Data-driven density modelling (D3M) for orbit prediction using machine learning and data assimilation

Satellite mega-constellations and increasing tracking capability on Earth are set to generate vast amounts of precise tracking data. Using big data assimilation methods, you will work on the cutting edge of high precision orbit prediction required for modern traffic and constellation management. 

Data-driven density modelling (D3M) will use laser ranging satellite tracking data to greatly improve orbit predictions for space sustainability. It uses machine learning and big data assimilation methods to continuously update the biggest unknown, the atmospheric density model, through a sequential filtering process embedded into model-predictive control for orbit prediction.
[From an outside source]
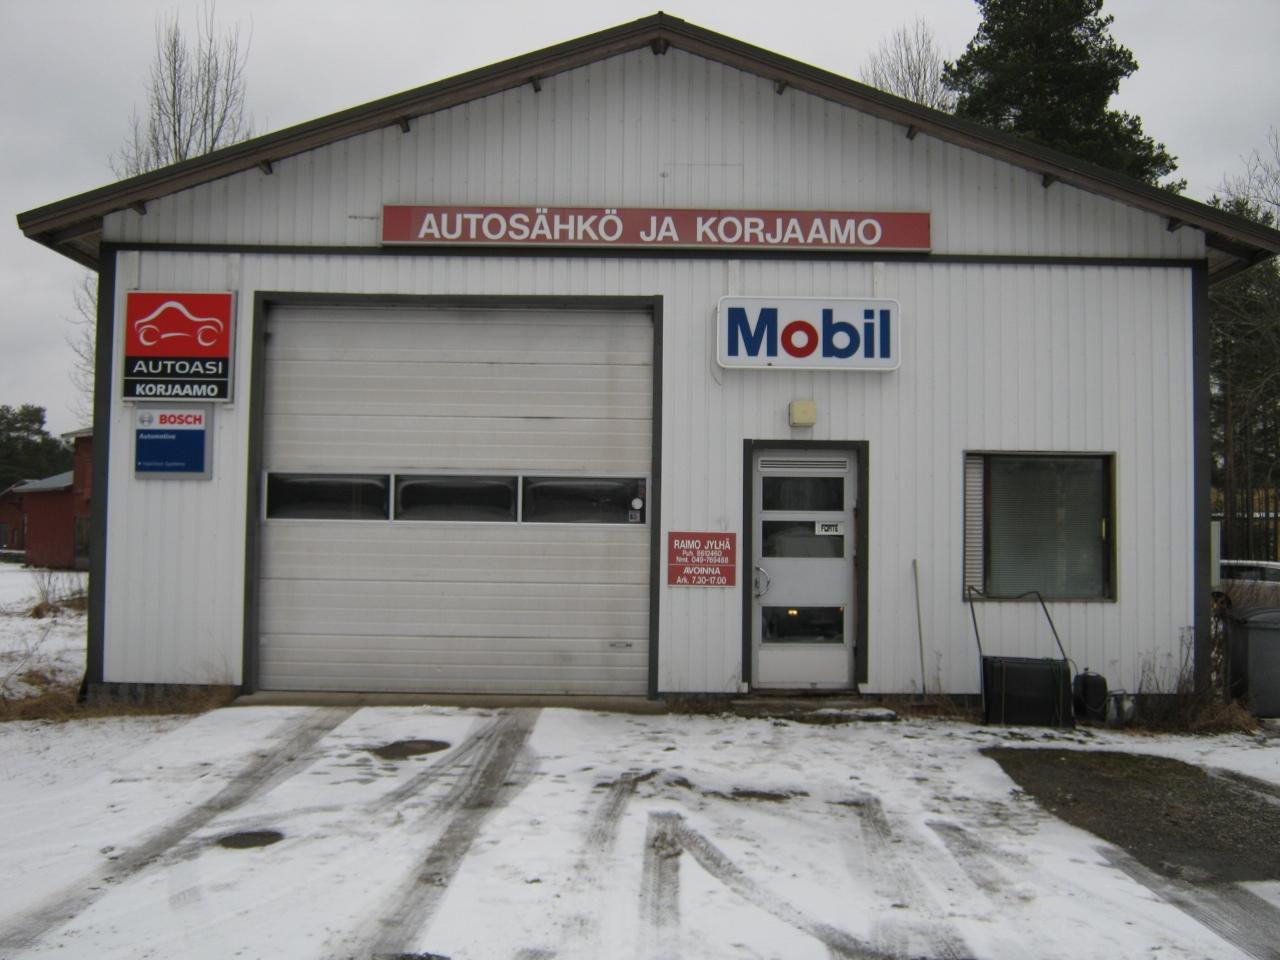 Autosähkö ja korjaamon julkisivu Autoasi Korjaamo

This is broken down into two parts: 

• identification and training of a suitable representation of the density model
• update of the model using real-time observation data

The close collaboration with our industry partner Lumi Space ensures direct industrial relevance of your research. Through this work, we aim to reduce the number of false collision warnings to enable satellite operators to take real-time action on the remaining messages to safely manage an ever more crowded low Earth orbit environment.
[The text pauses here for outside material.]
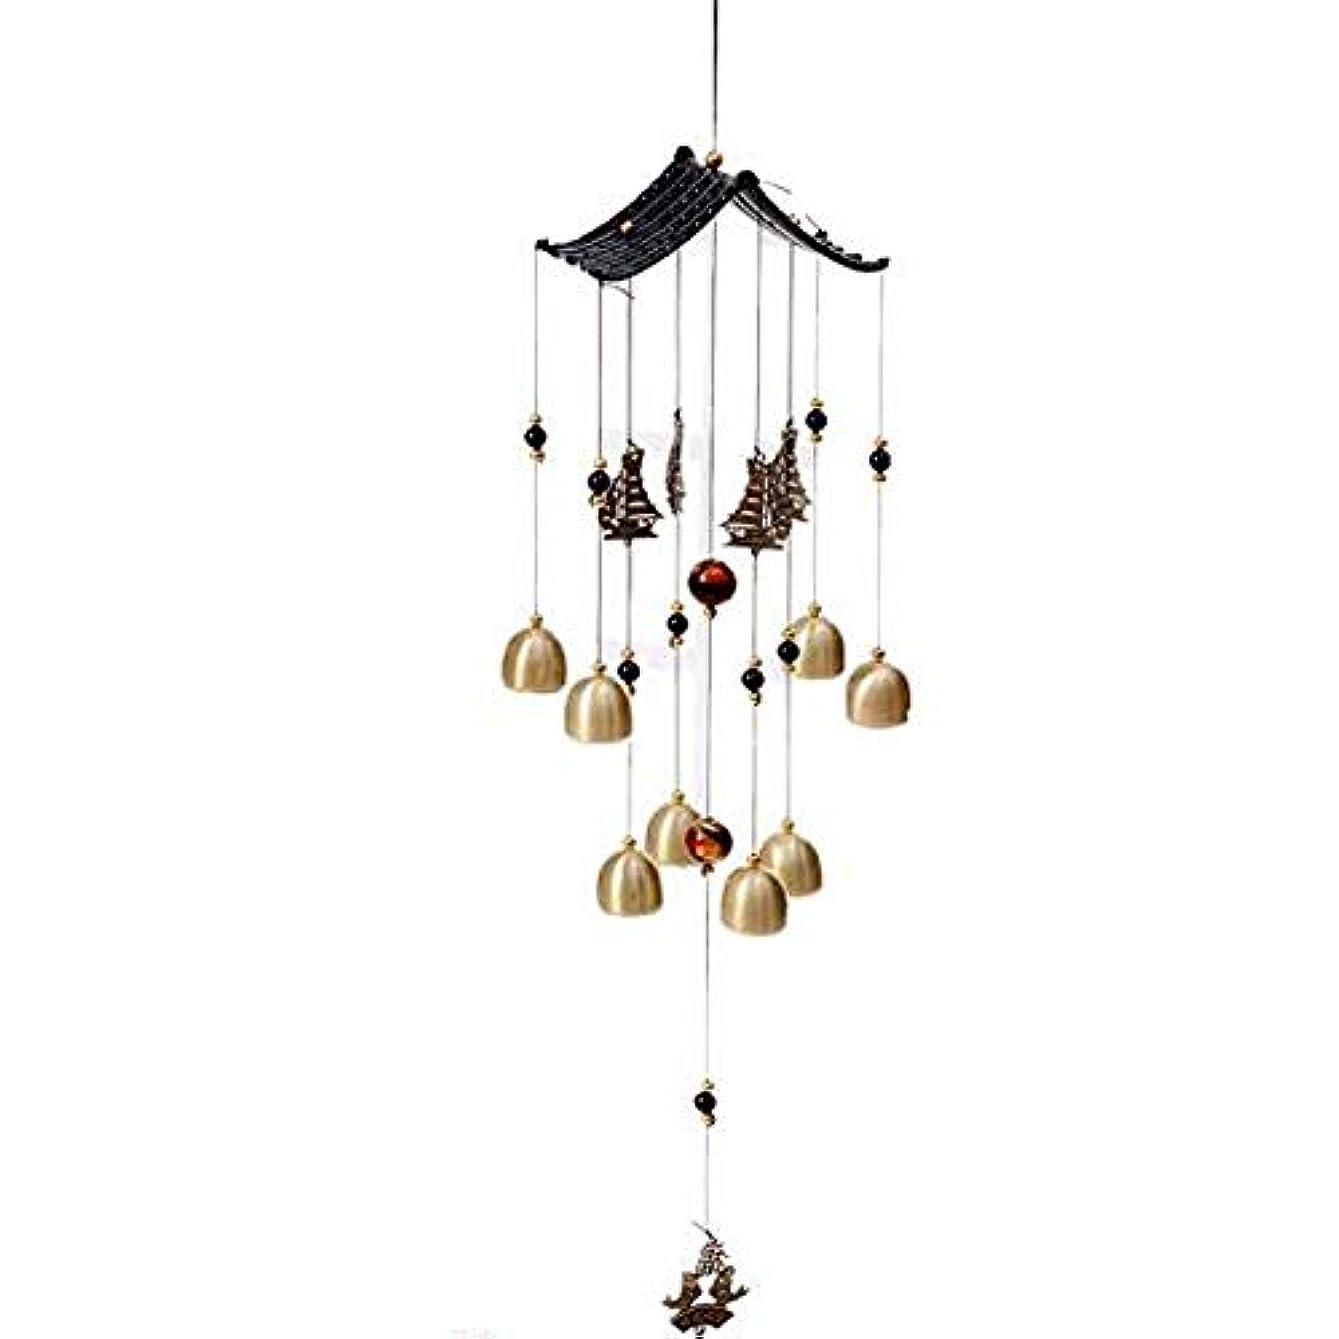 卒業たまに寺院Yougou01 風チャイム、金属銅鐘ホームデコレーション、ブラック、サイズ62 * 13CM 、創造的な装飾 (Color : Black-A)

For the modelling you will consider both traditional reduced order and time series models as well as machine learning techniques such as (physics informed) neural networks. Real time updates will be achieved through a sequential filtering process, such as high-order Kalman filters, embedded into the model-predictive control for orbit prediction including the effective ballistic coefficient of the observed satellites. You will validate your results with real-world tracking data provided by Lumi Space.

This PhD is offered in collaboration with industry partner Lumi Space, and includes an extended placement with them. High performance computing and training is available through Southampton's IRIDIS super-computer cluster.